(Information provided begins)

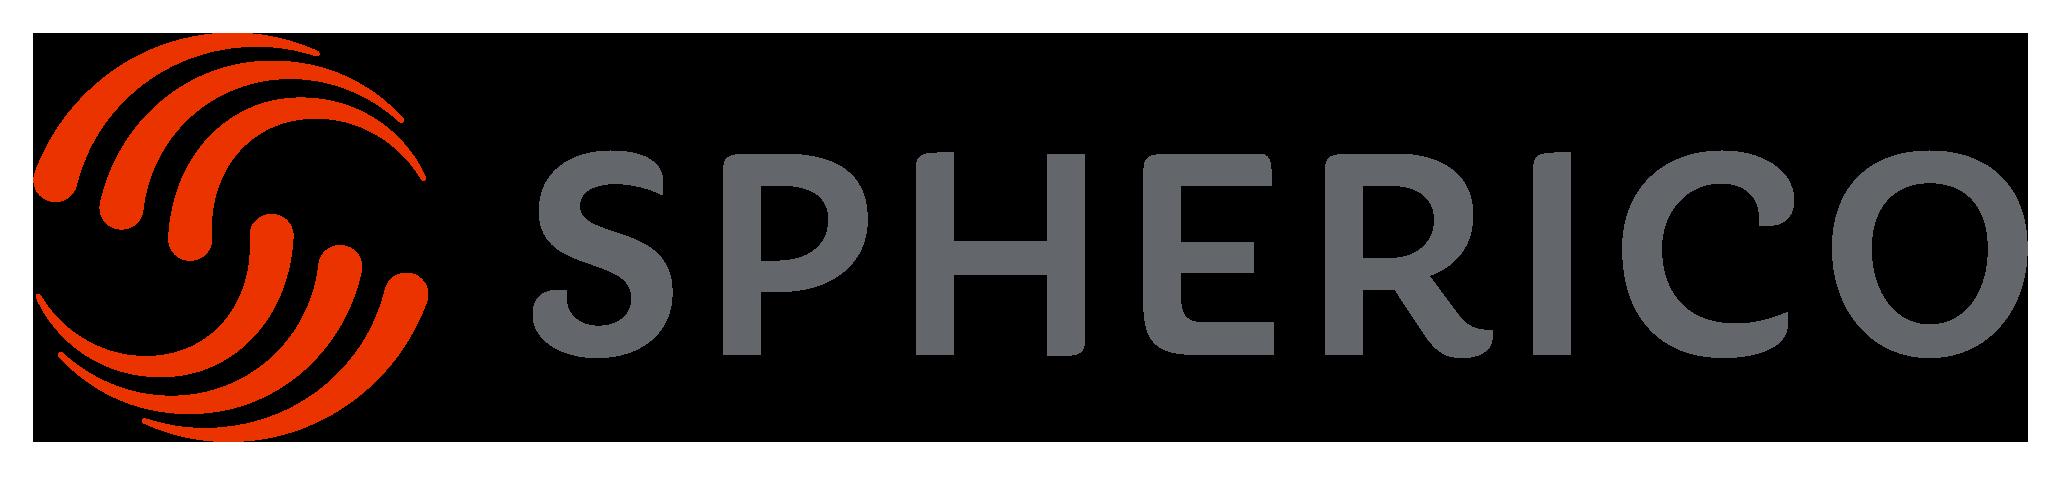 Spherico
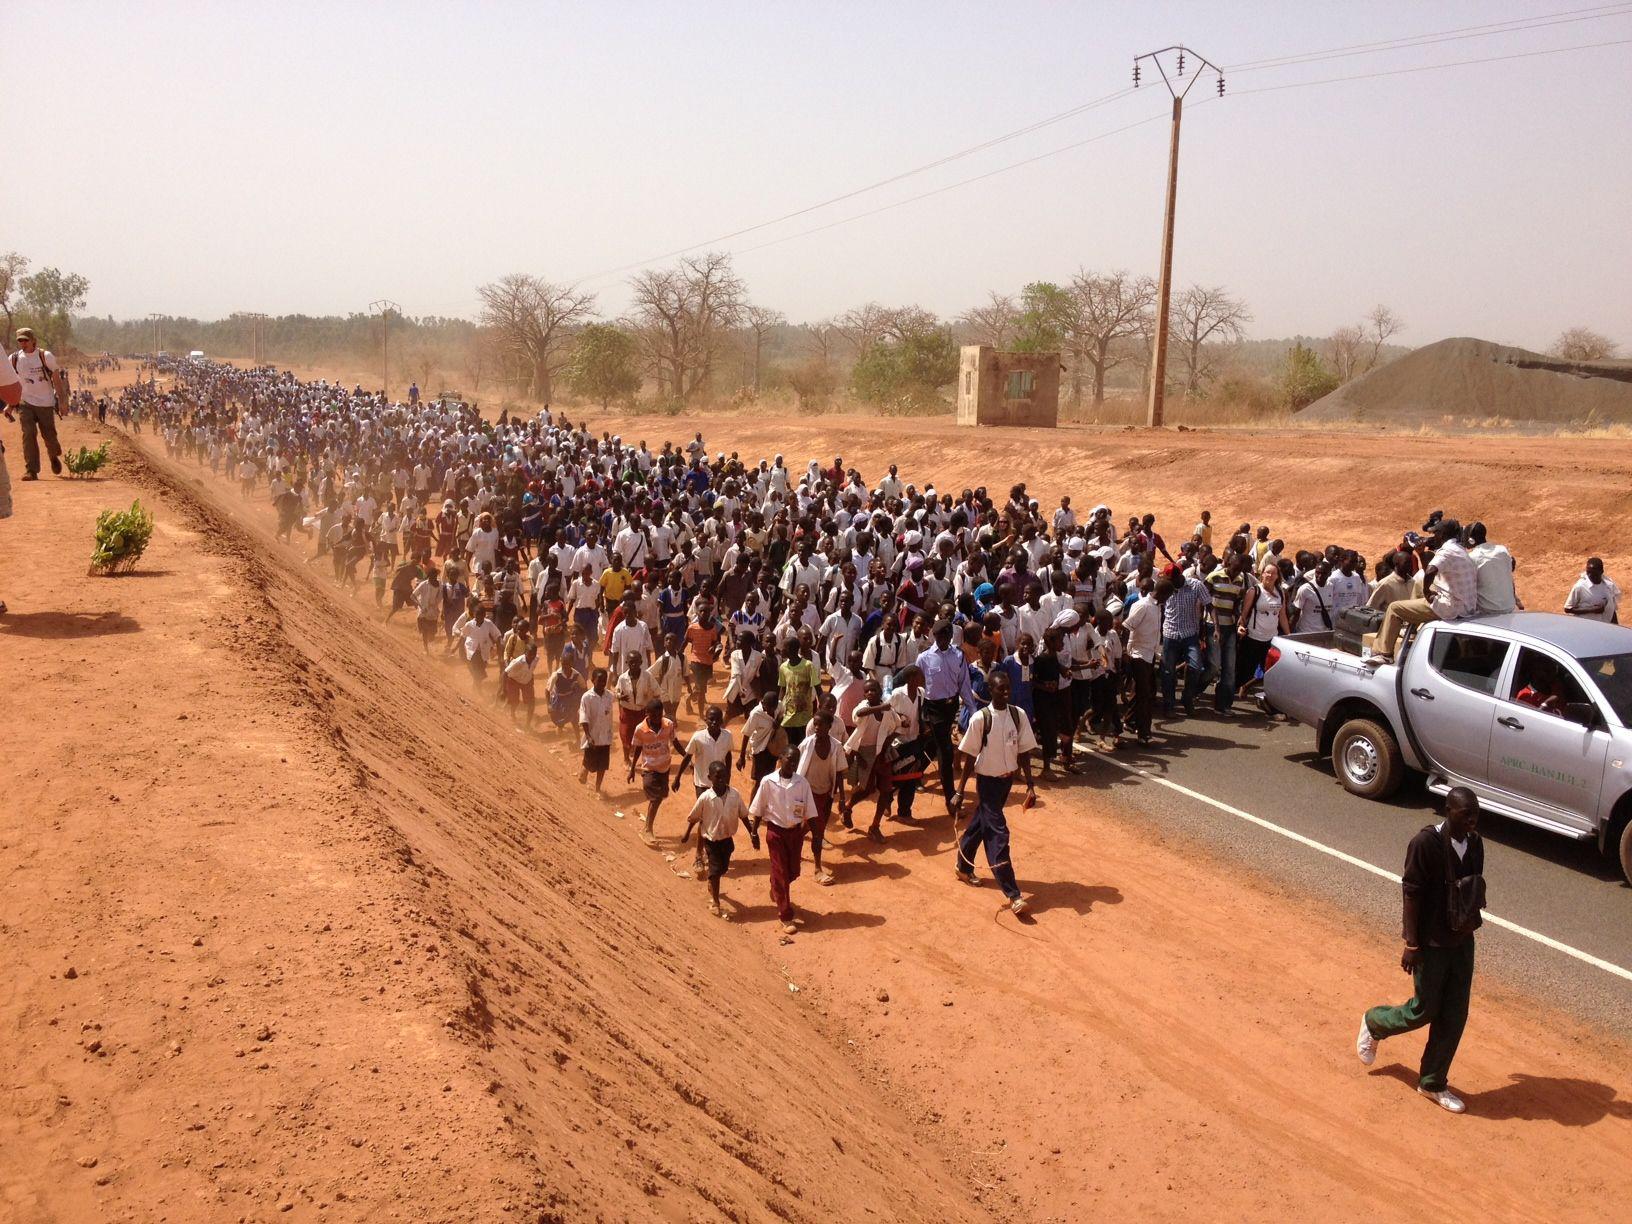 2012-10-29-GambiaThousandswalking.jpg
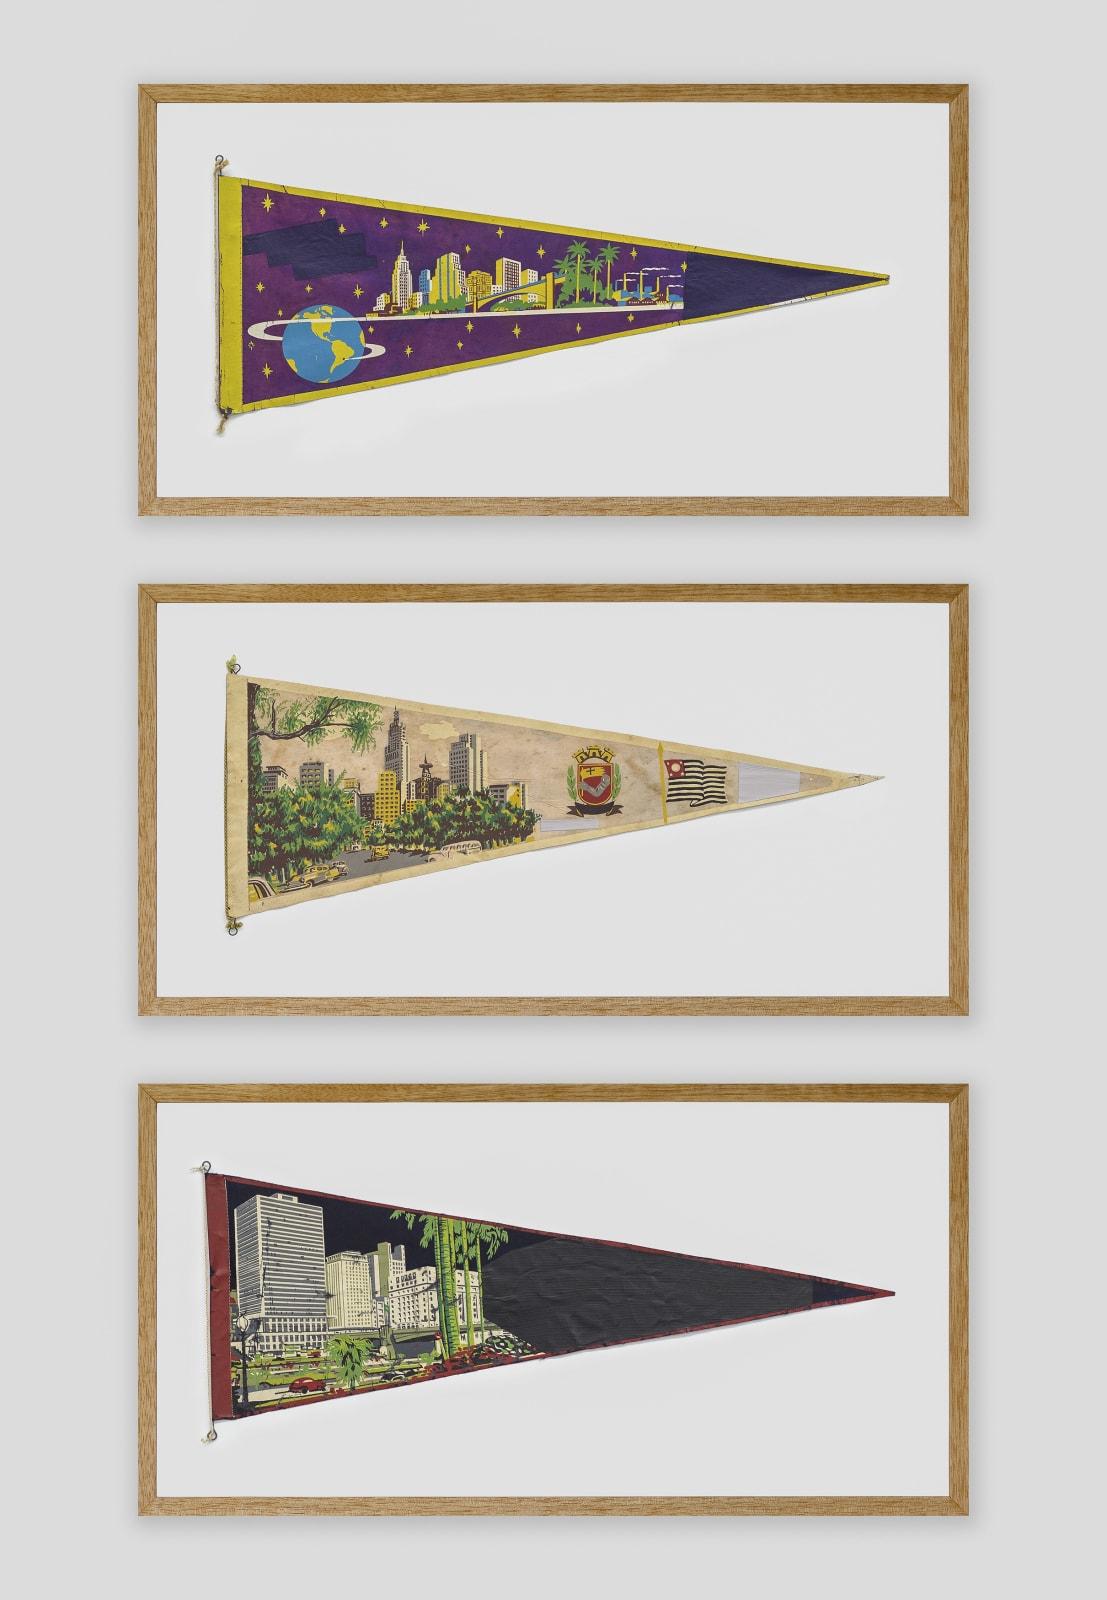 Bruno Faria Lembranças de Paisagem I São Paulo, 2020 Pintura e serigrafia sobre tecido, Tríptico aprox. 102 x 61,5 cm

(Information provided ends)

* Exercise instructions:
Please keep every line of the data the same when you reproduce it, and keep every picture out.

* Written response:
 Spherico
 2012-10-29-GambiaThousandswalking.jpg
 Bruno Faria Lembranças de Paisagem I São Paulo, 2020 Pintura e serigrafia sobre tecido, Tríptico aprox. 102 x 61,5 cm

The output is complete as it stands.